Heliowatcher Positions Solar Panels For Highest Efficiency

[Jason Wright] and [Jeremy Blum] are showing off the project they developed for their Designing with Microcontrollers course at Cornell University. They call it the Heliowatcher, and if you know your Greek mythology we’d be you figured out this watches the movement of the sun and adjust a solar panel to follow it.

Their design is simple and effective. The base is mounted like a Lazy Susan, able to pivot on the horizontal plane. The bottom edge of the solar panel is mounted with two door hinges, with a motorized screw jack used to raise and lower it. The system uses a GPS to provide geographical position, day, and time feedback. This is used in conjunction with an array of four LEDs to determine the best position of the panel. Those LEDs are acting as light sensors; when the top and the bottom detect similar levels, the panel is at its most efficient orientation. The left and right LED sensors work the same way.

Now if we can just work out a self-cleaning system to keep the panels free of the dirty film that builds up over time we’d be set!

17 thoughts on “Heliowatcher Positions Solar Panels For Highest Efficiency

  1. Nice looking project. I am sure you all got a awesome grade. However from a real world prospective, I imagine that you could drop everything but the moving parts, microcontroller and leds. Then just use the leds to determine where to point as it won’t matter where it is if a tree is in front of it. Like I said, Great project.

    1. but GPS is cheap and reliable? you could also utilize one sensor for a whole roof mounted array. it also enables you to get the time and and day free. i wouldnt do it any other way. awesome project

  2. The idea is good, but this implementation is unusable. The jack rubbing the back of the panel wouldn’t work, but that could be solved by making a mating adapter from the jack to the metal frame of the panel. The jack was a great idea, and will be plenty strong enough. The friction holding the rotation in place won’t work in any amount of wind, change that to something else that will stay in place, and this is excellent.

    1. Jason, one of the creators, here. The jack actually worked quite well with no additional attachments, with no damage to the back of the panel. An accelerometer also corrects for any slippage. We considered adding something to make it slide easier, but were pressed for time and limited to a $75 budget for our class. (A larger rotating platform than the one we built could also solve this, as you could mount the jack further from the hinges, reduce the load at low angles, and attach it to the top of the panel with a cord.)

      As for the rotation, I’m not sure how much it would be affected by wind — stepper motors have pretty good holding torque, and we gave the wheel a ton of traction since the panel & jack combined weight is pretty high. We didn’t get a chance to test it in a windy setting, though, so it’s a fair concern.

      1. Very nice presentation.

        I think you could maybe have looked at using car seat actuators. They work the same as the screw jack you have but use a high-torque DC motor and gearbox to drive an acme thread which in turn slides a nut in a channel.

        High-end vehicles with seat position memory already have the feedback pots built into the actuators which means you just need to add an H-bridge driver to turn them into a servo.
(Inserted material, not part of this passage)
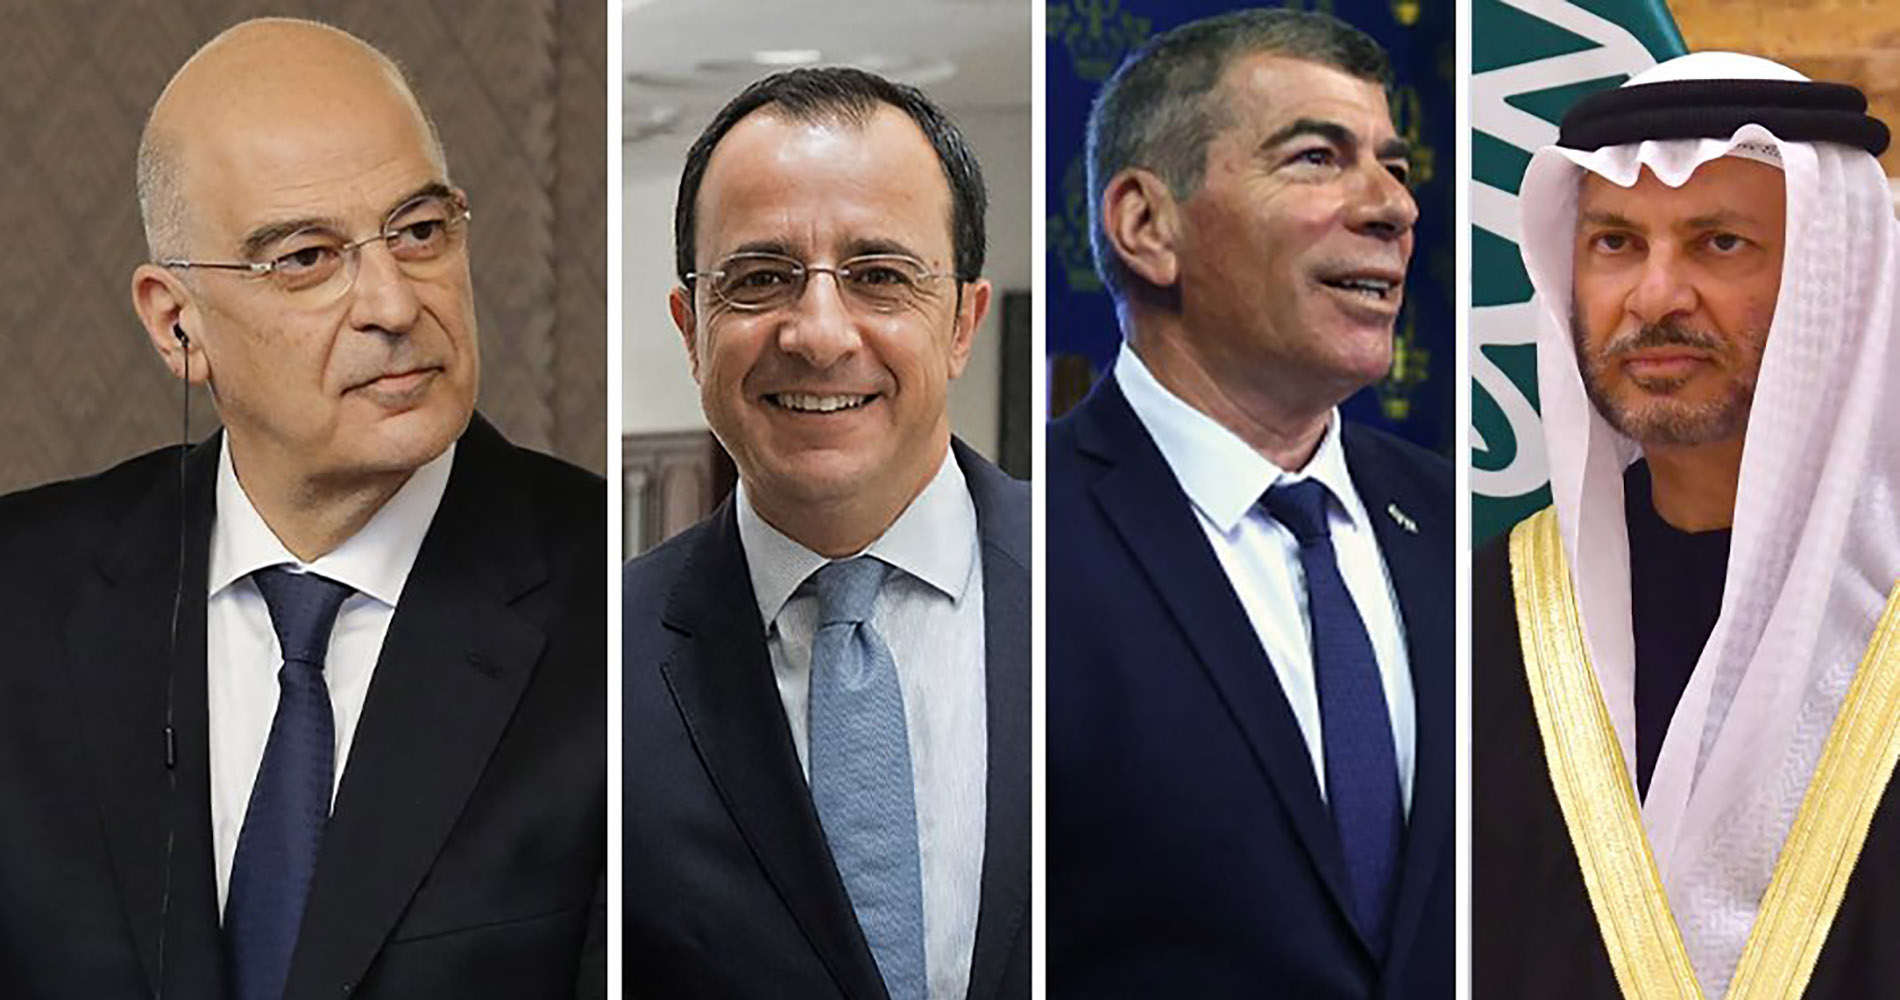 اجتماع يضم كل من وزراء خارجية اليونان وإسرائيل والإمارات وقبرص

  3. Nice setup for getting a good grade on a project, but most of the sensors etc aren’t needed at all.

    For the LED light sensors you can mount two pairs with a vertical sun shade between them. Have one for altitude and one for azimuth. There’s fairly simple circuits to take input from the LEDs and aim the panel simply by moving it towards whichever LED is putting out less voltage then stopping when they’re in balance.

    For end of day you can have it setup to run the azimuth actuator all the way back to the east when all the inputs from the LEDs go to zero (it’s dark) or below a threshold value.

    Such simple systems have been in use for years. Look up homepower.com

    Old big dish satellite TV mounts are excellent for this because they already have an azimuth actuator with position sensor. Just add an altitude actuator and the mount is ready to attach a big PV panel.

    For the setup you’ve built, refine it so that it has only what it needs, all on one circuit board, and you’ll have a “drop and forget” boutique solar power setup for people who drive big motorhomes. Just plonk it on the ground, plug it in and the thing “magically” points itself at the sun and tracks it. Combine it with a monitoring panel for inside the RV and the campers will love it. Then do a “minimalist” system that works just as good but has to be pointed in the general direction of the sun to start. No GPS, compass, temperature readout or clock, just solar power.

    Equip it with some fast motors and it could be used on boats for rock steady positioning. There are already such mounts for DBS TV dishes on boats.

    1. Again, this was put together in a few weeks for a final course project. There was not time to custom-make a PCB, or to implement everything we wanted to. So, we designed the system as a development platform in the hopes that other would be able to benefit from the elegance of the system that we created.

  4. Cool. what was the net power increase for having direct sunlight over stationary roof mount? Is it a positive or negative after running GPS, processors and motors.